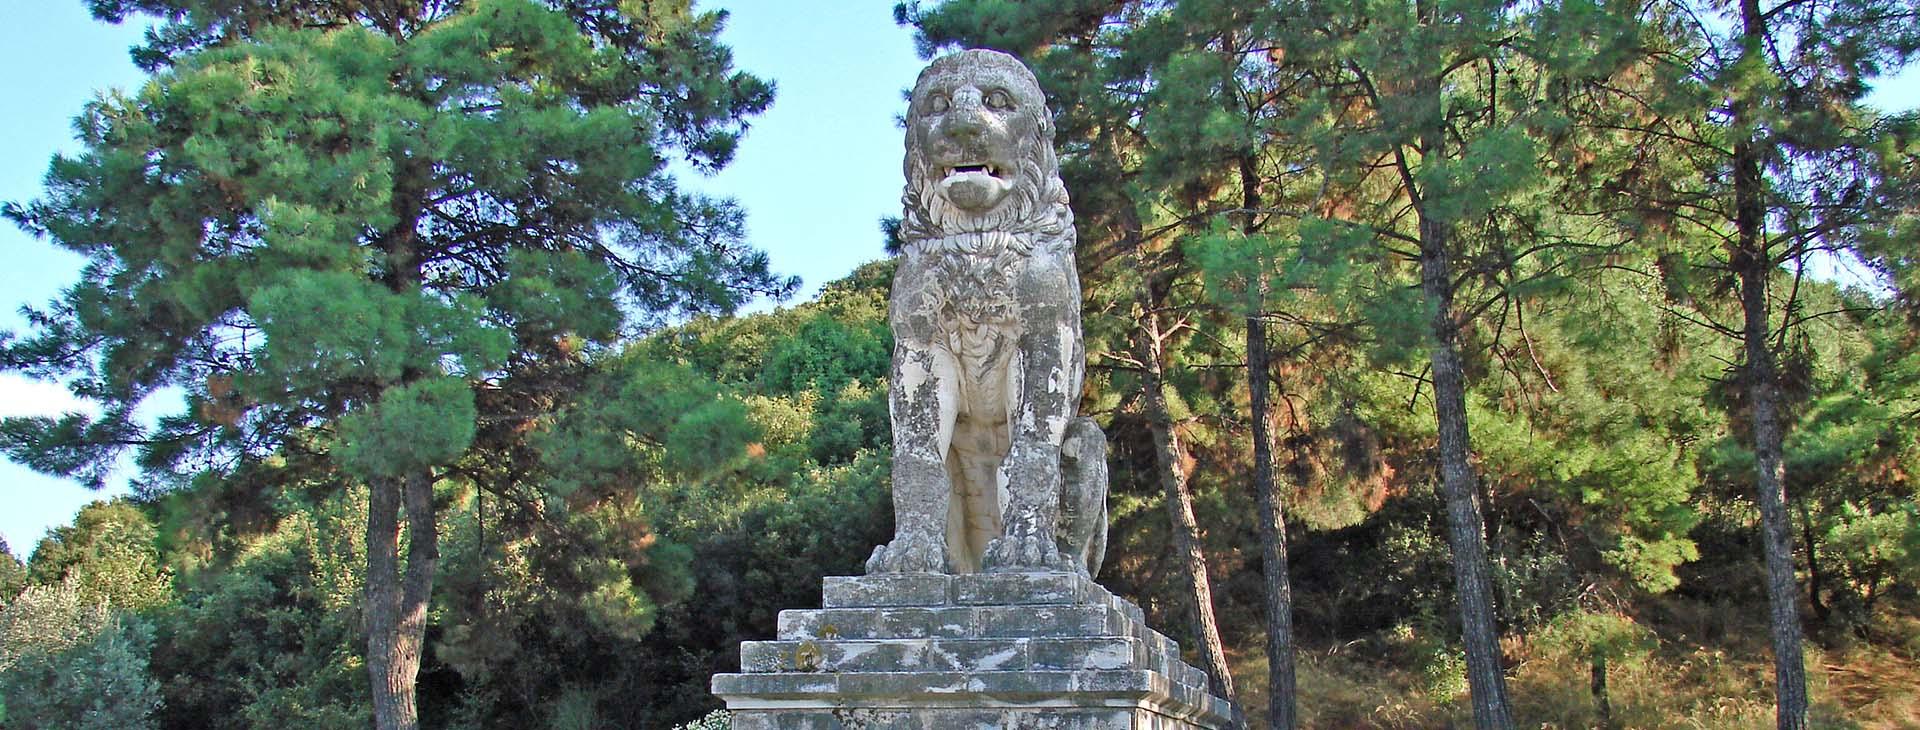 Lion of Amphipolis statue, Serres
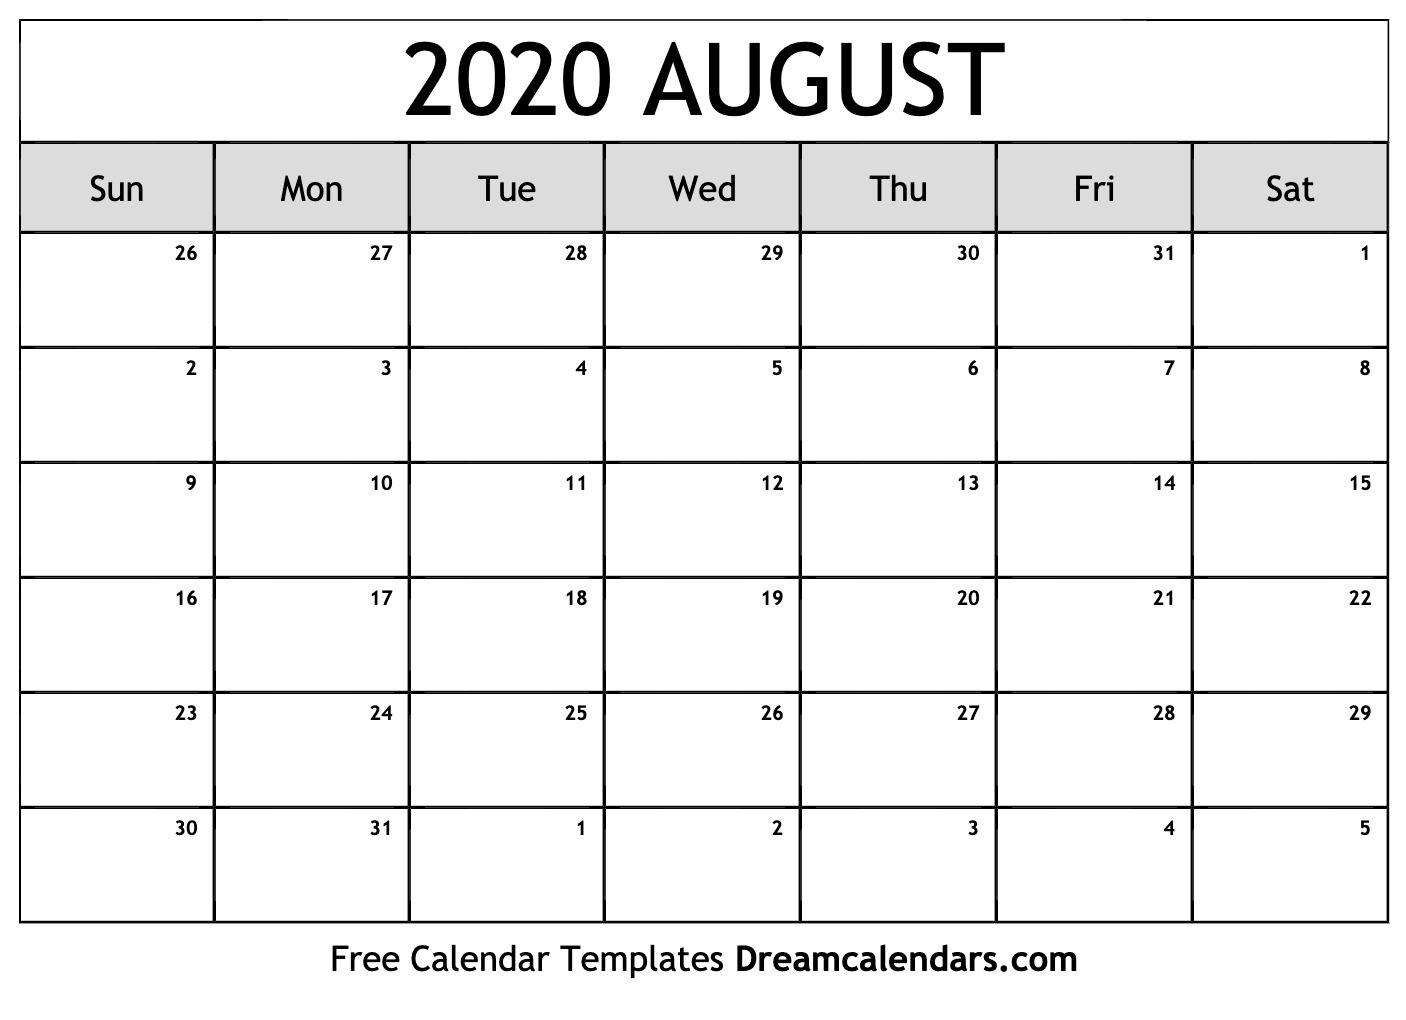 August 2020 Printable Calendar Dream Calendars 1406x1020
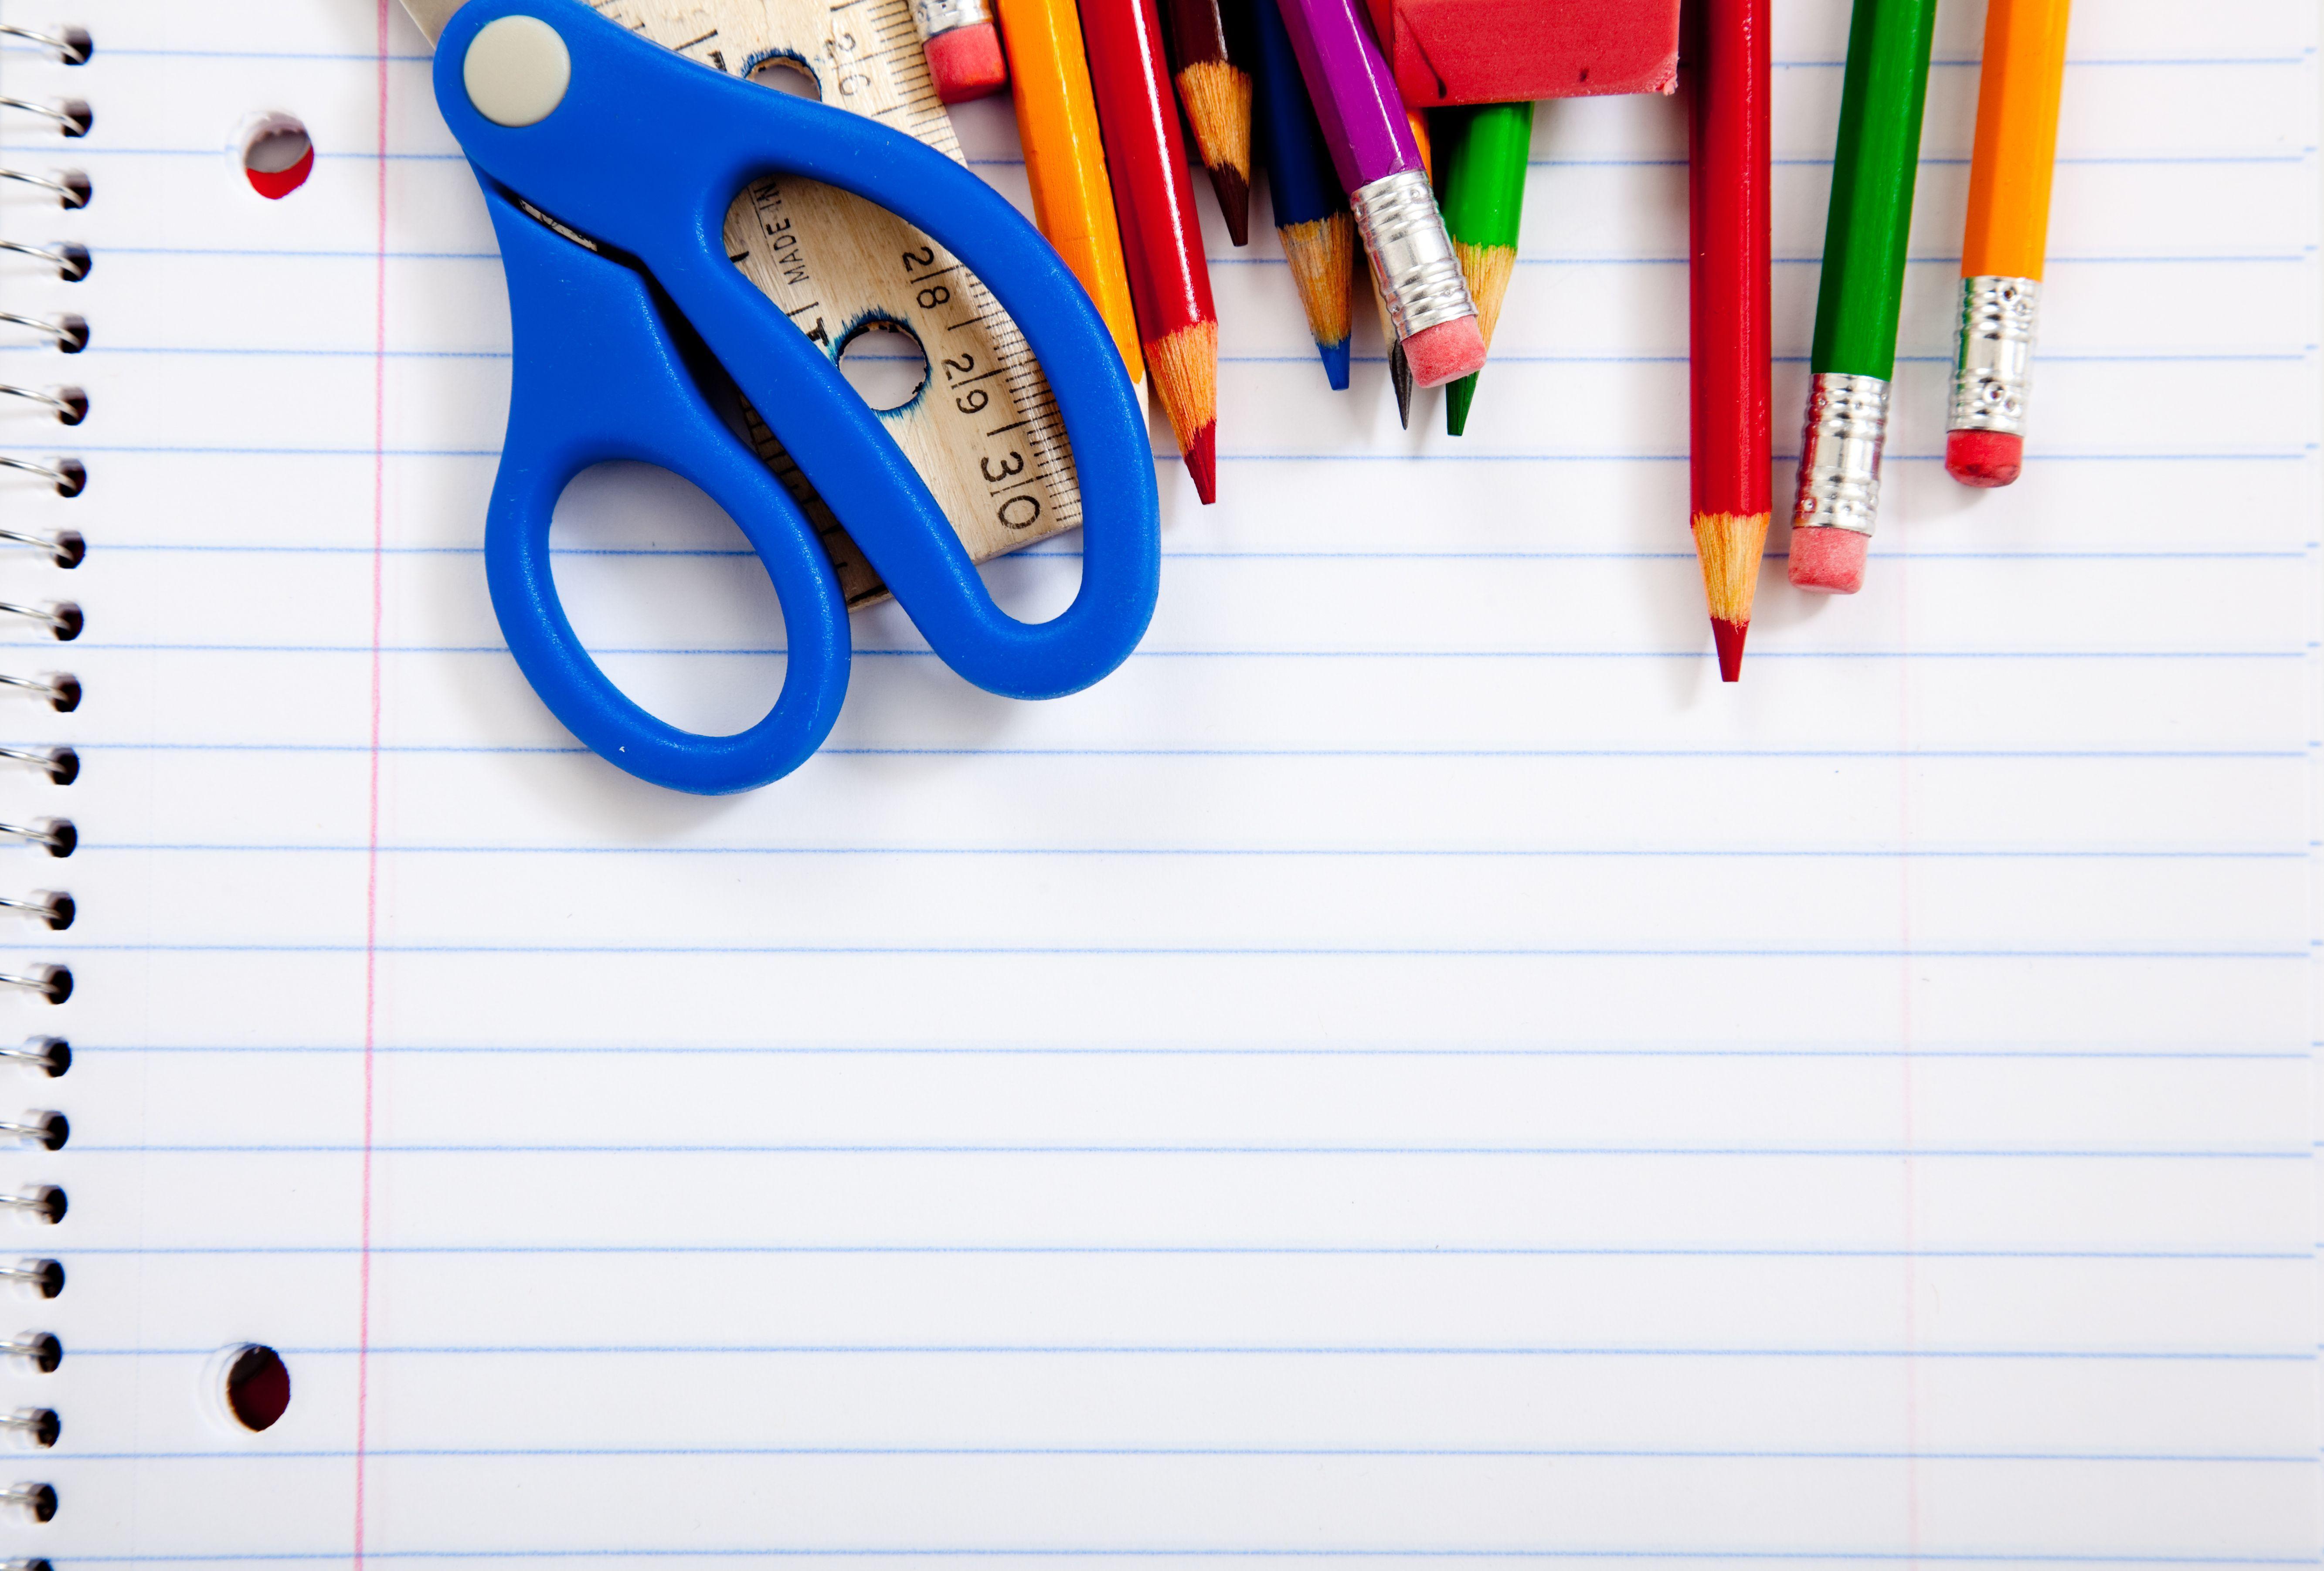 School Supplies Wallpapers Top Free School Supplies Backgrounds Wallpaperaccess
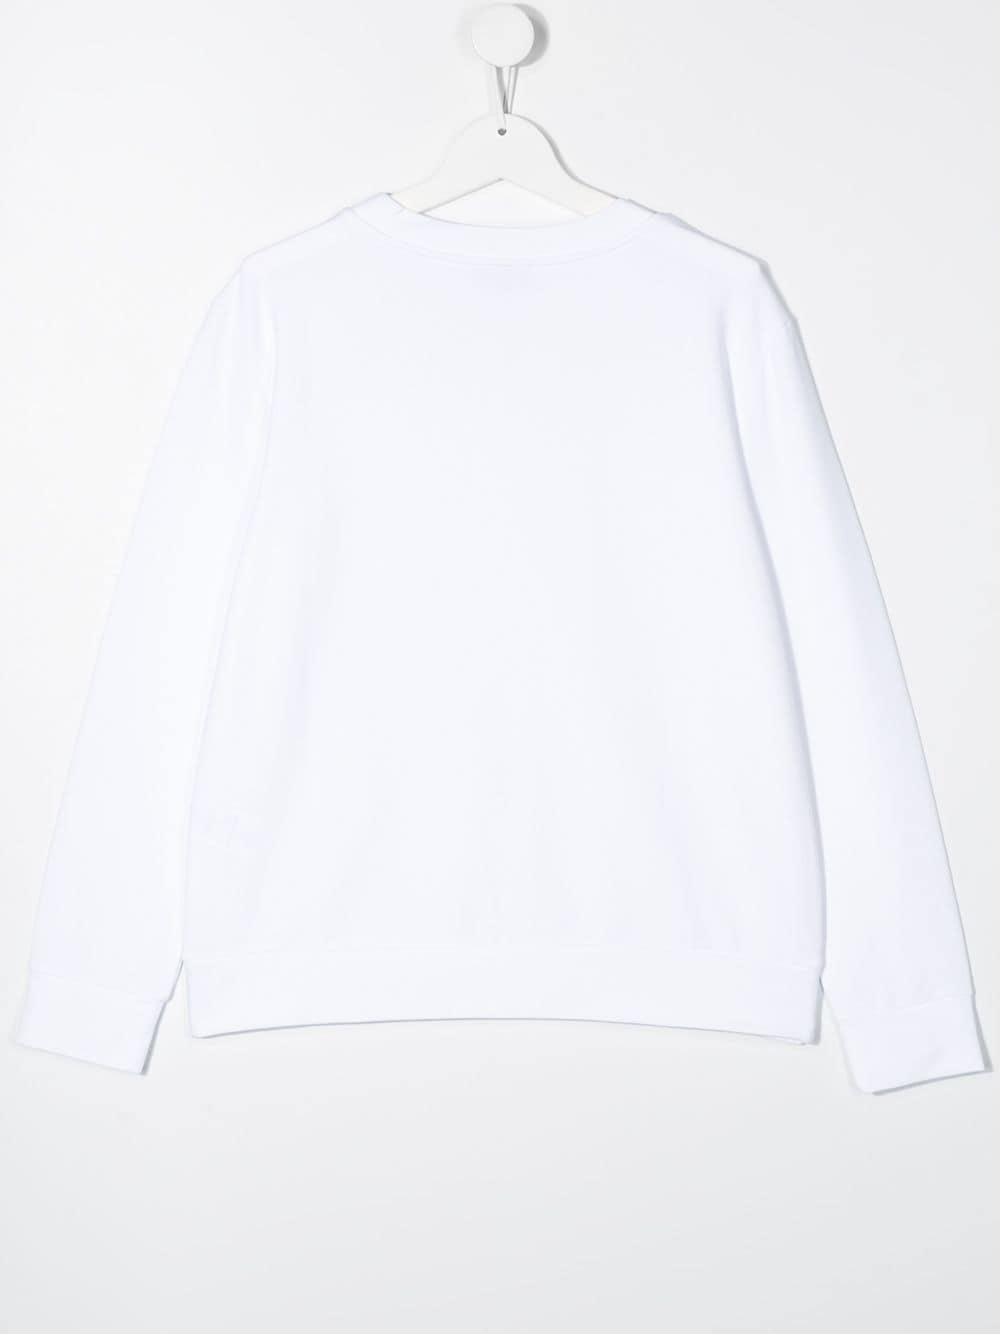 EMILIO PUCCI | Sweatshirt | 9M4000MX180100T

- _Exercise_
Pictures are not part of the copy; retype all the other material exactly.

- _Result of the task_
 Lion of Amphipolis statue, Serres
 August 2020 Printable Calendar Dream Calendars 1406x1020
 School Supplies Wallpapers Top Free School Supplies Backgrounds Wallpaperaccess
 EMILIO PUCCI | Sweatshirt | 9M4000MX180100T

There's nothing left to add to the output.